Роман И.А. Гончарова «Обломов»: Путеводитель по тексту - Недзвецкий Валентин Александрович
Обратимся к паре Анисья — Акулина. Как и в других сопоставлениях такого рода (Сонечка — Марья Михайловна, Обломов — Захар, Тарантьев — Алексеев и др.) различие между названными женщинами романист оттеняет присущей им общностью. И Анисья и Акулина — служанки, при этом не из крепостных, а взятые по найму; обе поначалу — кухарки и обе в этом качестве в самом деле «полезные» своим хозяевам. Однако рядом с обходительной (хочется даже сказать дипломатичной), расторопной и красноречивой Анисьей Акулина заметно грубовата, неповоротлива и туповата (с. 245). Анисья — палочка-выручалочка для своего мужа, бранимого в очередной раз «барином» за пыль или тараканов в квартире. Она же «в пять минут» сумела успокоить самого Обломова, пришедшего «в ужас» от замечания Захара о скорой женитьбе Ильи Ильича на Ольге Ильинской, «как о деле давно решенном» (с. 250). Акулина, наоборот, дважды сплоховала при первом же появлении в романе: не сообразив, что у Агафьи Матвеевны «гости» (это был знакомящийся с нею Обломов), «вдруг <…> ворвалась» к Пшеницыной с большим петухом, который в отчаянии «бился крыльями и кудахтал» в ее руках (с. 234), да к тому же, «взяв петуха за ноги, головой вниз», вынудила застыдившуюся столь прозаической сценой хозяйку исправлять ее ошибку, так как предназначавшийся для продажи петух был «серый с крапинками, а не этот» (там же).

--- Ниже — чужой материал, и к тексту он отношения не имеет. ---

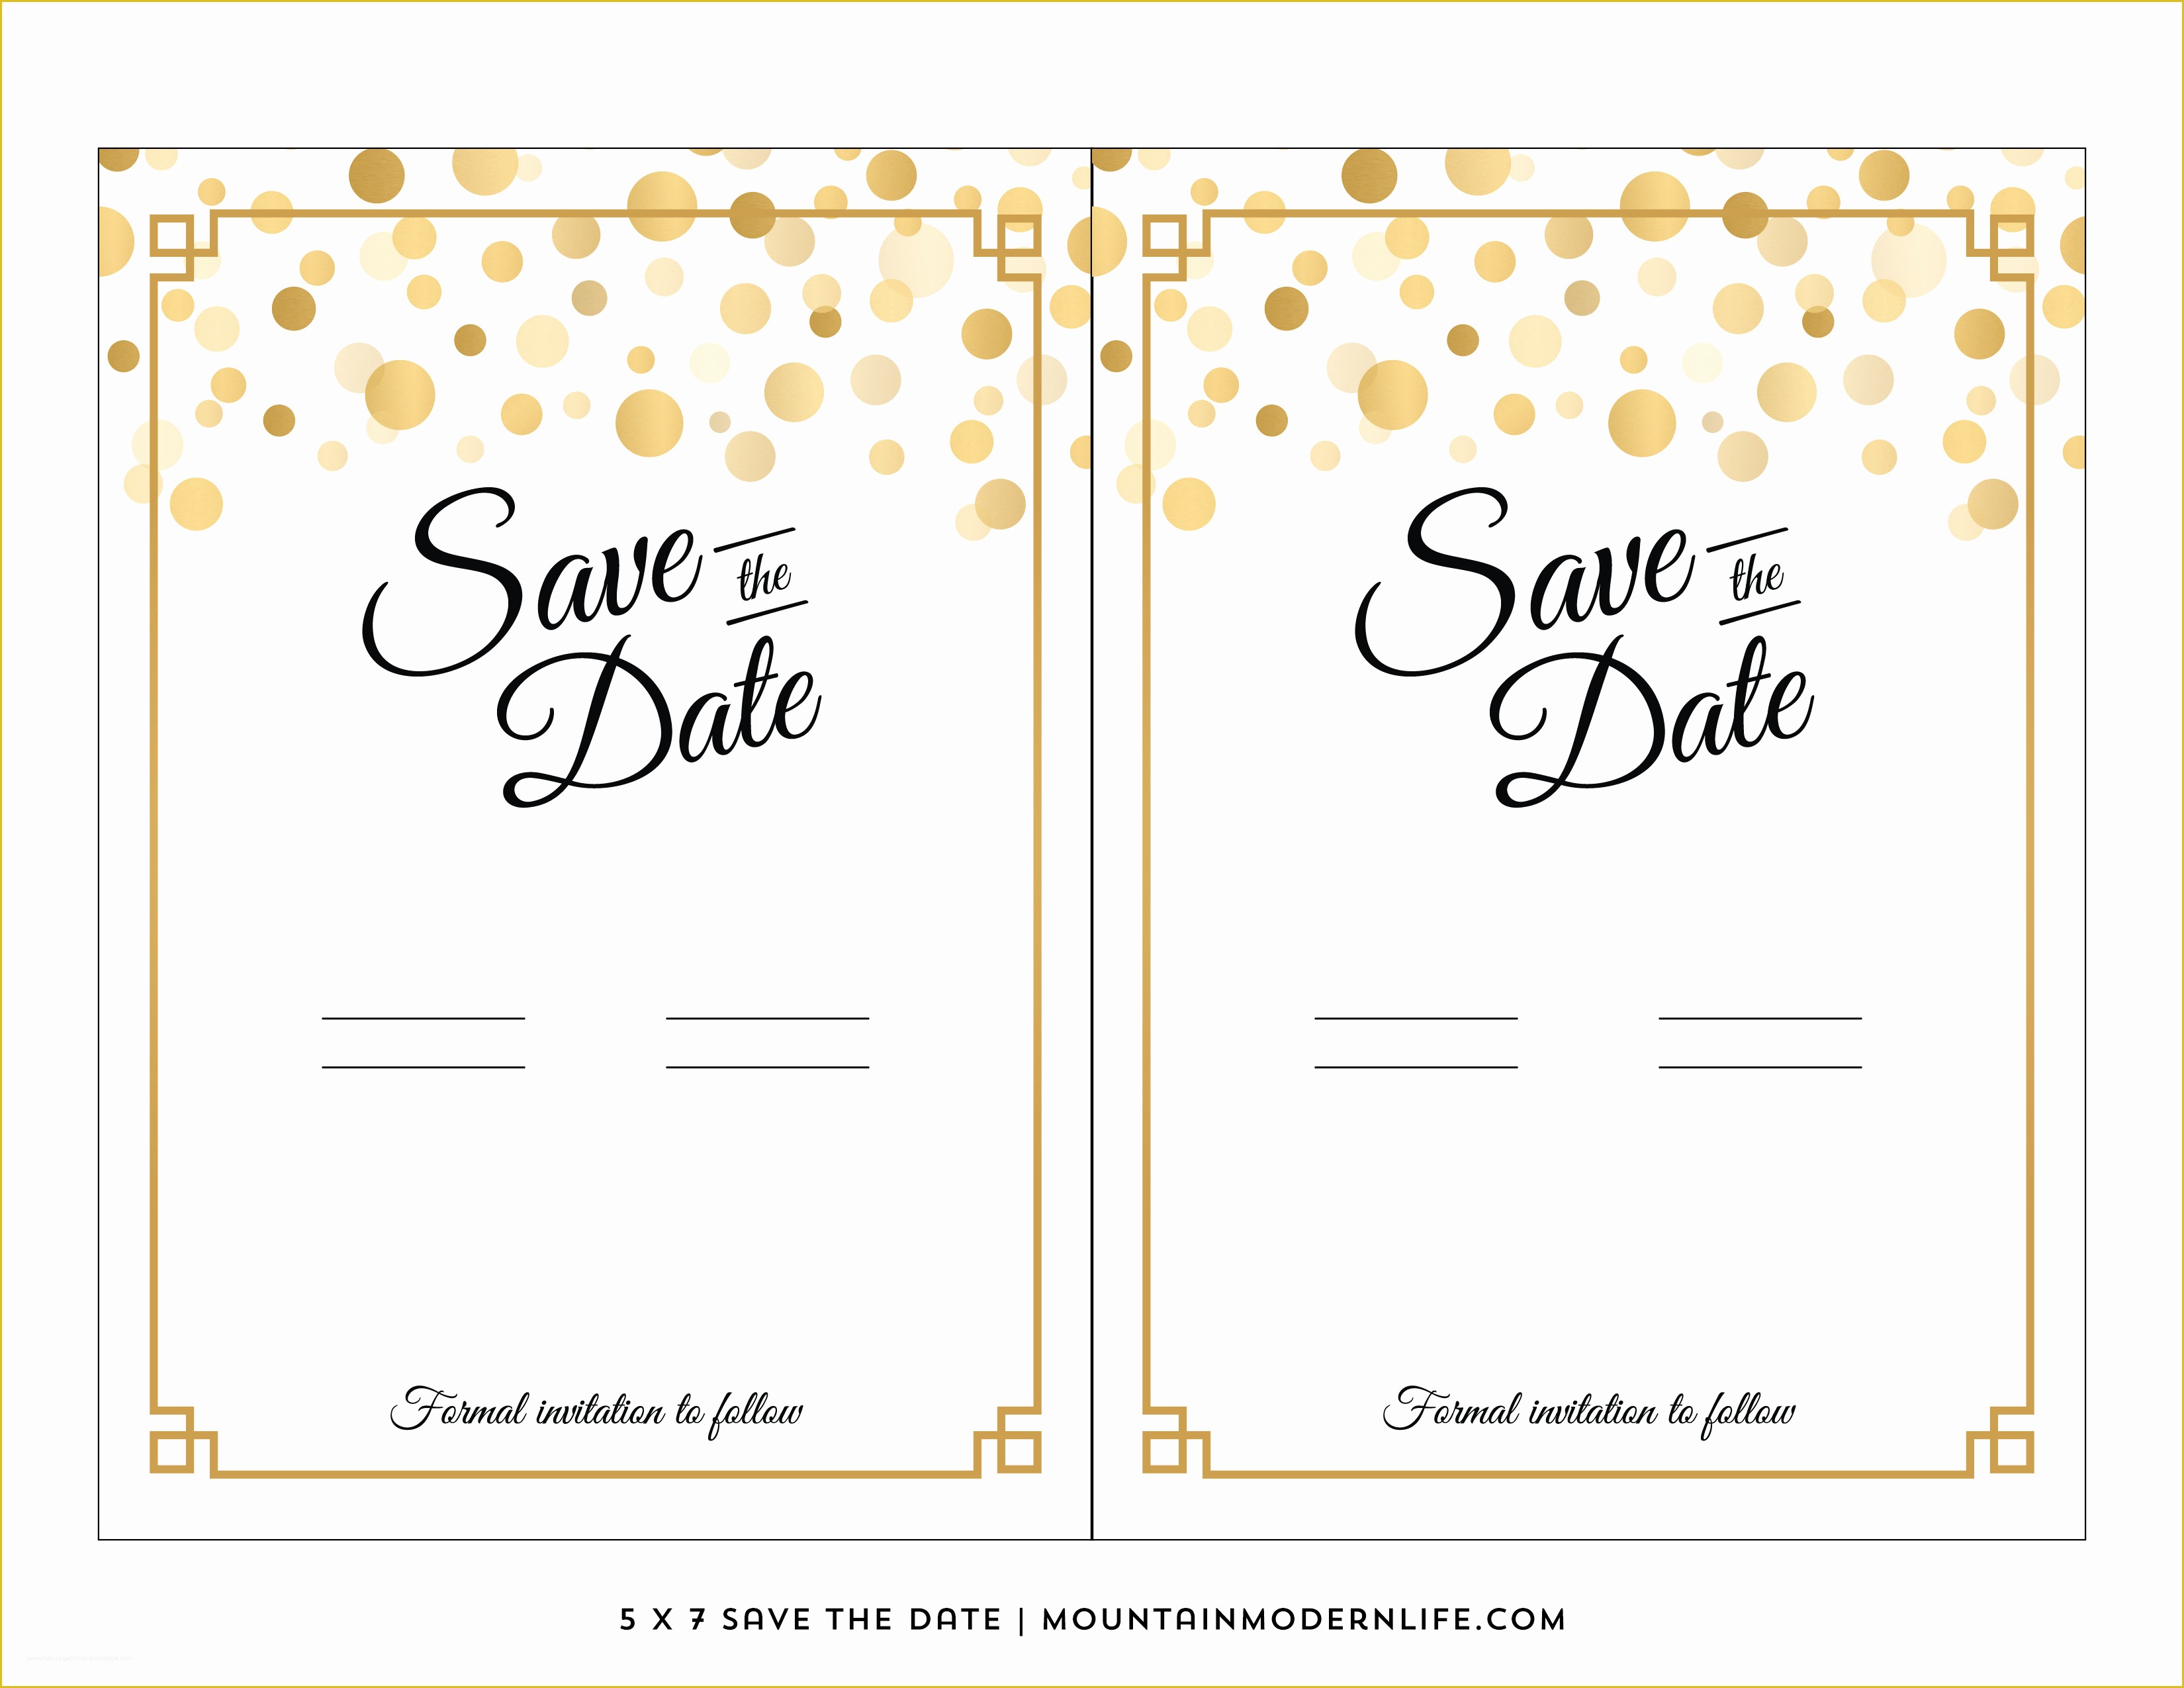 Free Save the Date Templates Of Template Free Templates Save the Date Template Save the

С того момента, как по предложению Ильи Ильича Агафья Матвеевна взяла на себя «заботы о продовольствии» и хозяйства их объединились, человеческое несходство двух служанок привело к резкому повышению трудового статуса одной и такому же понижению для другой. Анисья, которая и раньше «из любви к делу» «присутствовала на кухне хозяйки и <…> сажала, вынимала горшки, почти в одно и то же мгновение отпирала шкаф, доставала что надо и захлопывала прежде, нежели Акулина успеет понять, в чем дело», стала правой рукой Пшеницыной, а «Акулина была разжалована из кухарок в птичницы и огородницы» (с. 246, 295), чем иронически оправдала свое имя, означающее в переводе с латыни «орлиная».

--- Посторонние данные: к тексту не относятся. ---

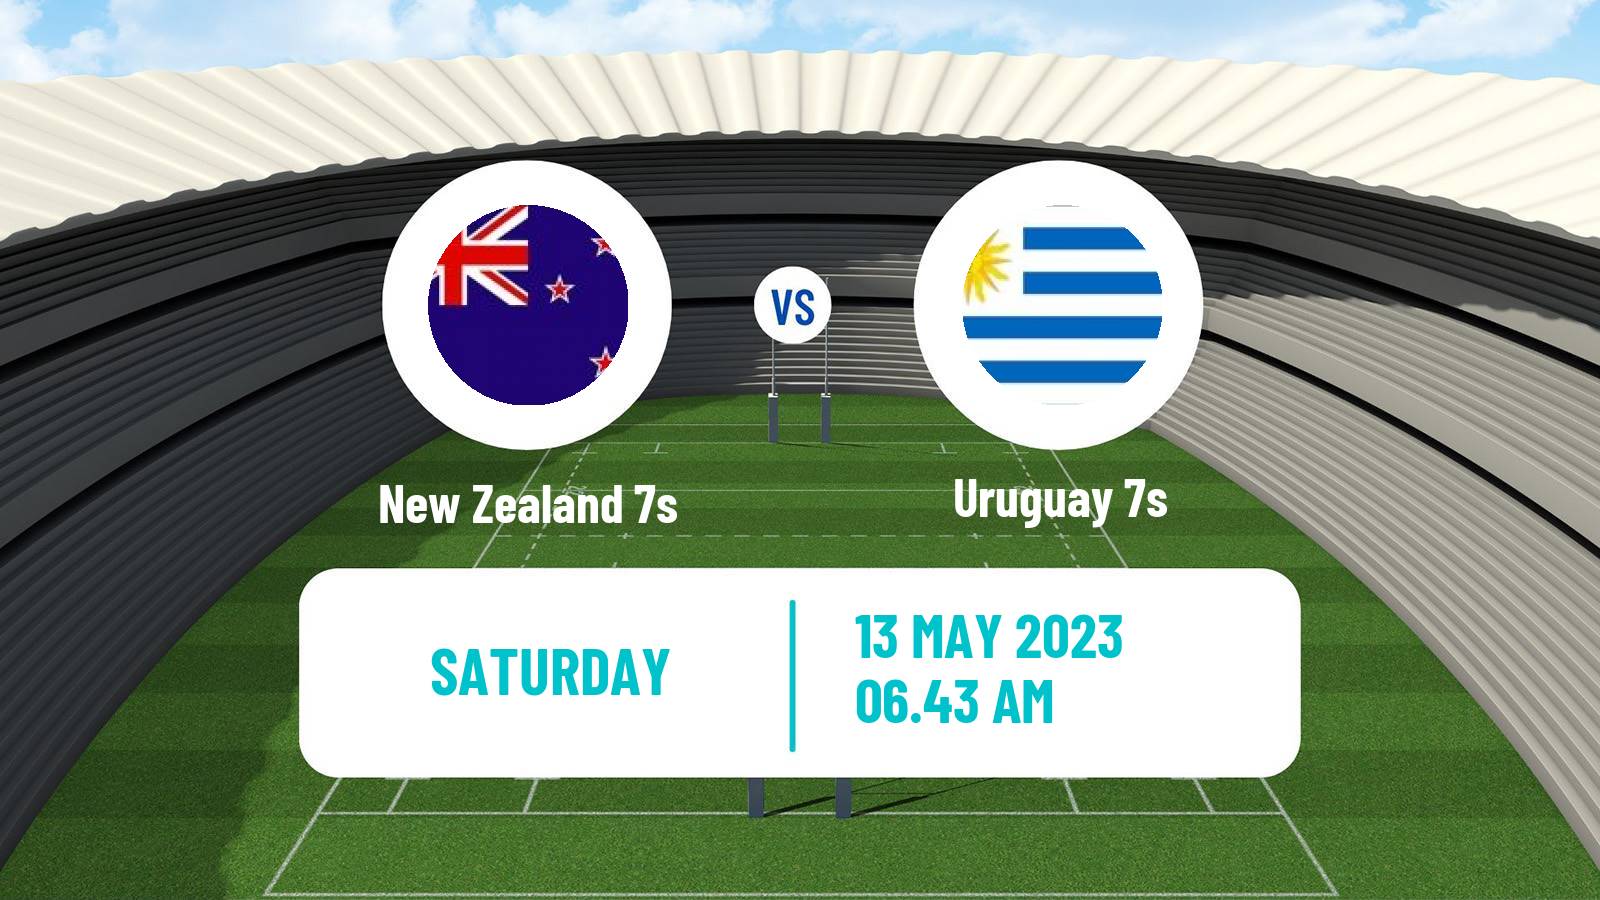 Rugby union Sevens World Series - France New Zealand 7s - Uruguay 7s

У Пшеницыной-хозяйки также есть нечто общее и с Анисьей и с Акулиной. На Анисьины «цепкие» похожи ее «жесткие», хотя и белые, руки; подобна Анисье, она «усмешкой» (с. 169, 235) отвечает на затруднительную для нее ситуацию. А в некоторые моменты первой встречи с Обломовым выглядит почти такой же недалекой («Она тупо выслушала и тупо задумалась»; «Она тупо слушала, ровно мигая глазами». — С. 235), как и Акулина в сцене с кудахтающим петухом. Тем не менее в целом Пшеницына не антитеза или антипод какой-то из своих помощниц-служанок, а вслед за Ольгой в ее отношениях с Сонечкой и Марьей Михайловной, — положительная альтернатива обеим. Ни Анисья, ни Акулина не узнали сколько-нибудь глубокого сердечного чувства, но именно подлинная любовь Пшеницыной к Обломову по-настоящему раскрыла и художественно завершила ее образ в романе.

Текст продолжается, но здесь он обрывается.